Coffee, for me, is an essential component for sustaining life.
It provides a warm, caffeine-filled start to my day, which would otherwise be spent aimlessly stumbling around my apartment trying to wrench my brain into action. That first morning cup is almost a holy experience—until five minutes later, when the coffee is a tepid sludge of dirty bean water.
Luckily, like many of my Wirecutter colleagues, I own the Zojirushi SM-SC48 Stainless Steel Mug.
Our pick

Zojirushi Stainless Mug
The Zojirushi SM-SC (or SM-SD or SM-SA in certain colors) offers amazing heat retention, one-handed usability, and a locking, leakproof lid.
A version of the Zojirushi mug has been a Wirecutter pick since 2013 because it does an exceptionally good job of keeping hot liquids hot and cold liquids cold.
It’s also slim and light, and it comes in a variety of colors and finishes. And the Zojirushi lid has a nifty locking latch that’s easy to work with one hand and prevents it from opening accidentally (an absolute necessity for something you throw in your bag alongside a laptop).
But the heat retention is where the vacuum-insulated Zojirushi stands out.

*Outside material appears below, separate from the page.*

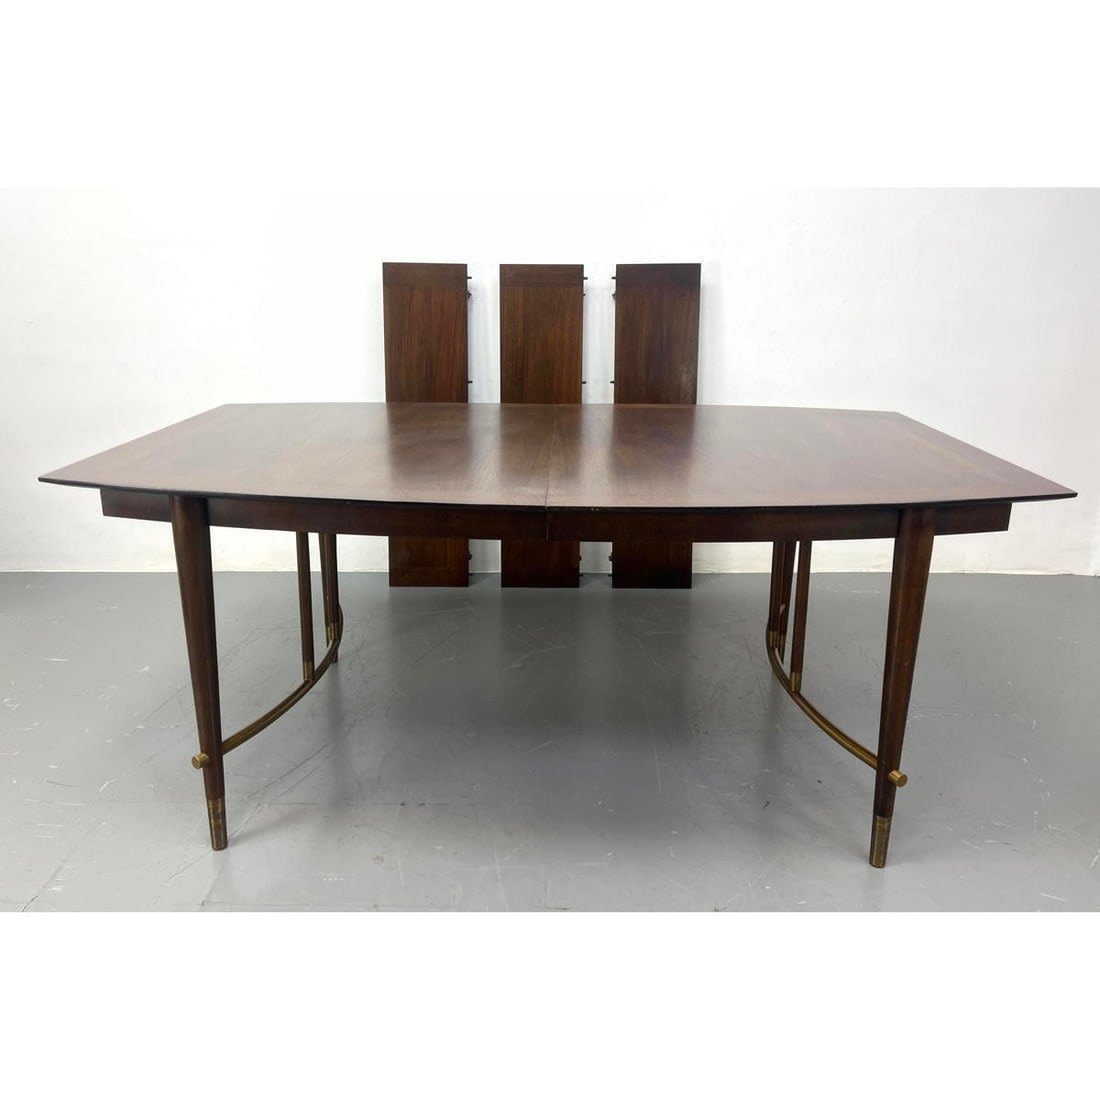 Bert England for Johnson furniture 362cd4

For our testing, we filled the mug with water that was 200 °Fahrenheit and put it in the freezer, and eight hours later the water temperature had dropped to 142 °Fahrenheit. In the same test, another travel mug pick (which is also vacuum-sealed) let the water temperature fall to 80 °Fahrenheit.
After years of testing and recommending travel mugs, the only real complaint we’ve heard about the Zojirushi is that occasionally it does its job too well, keeping a beverage scalding hot long after the coffee or tea drinker suspects it might still be so.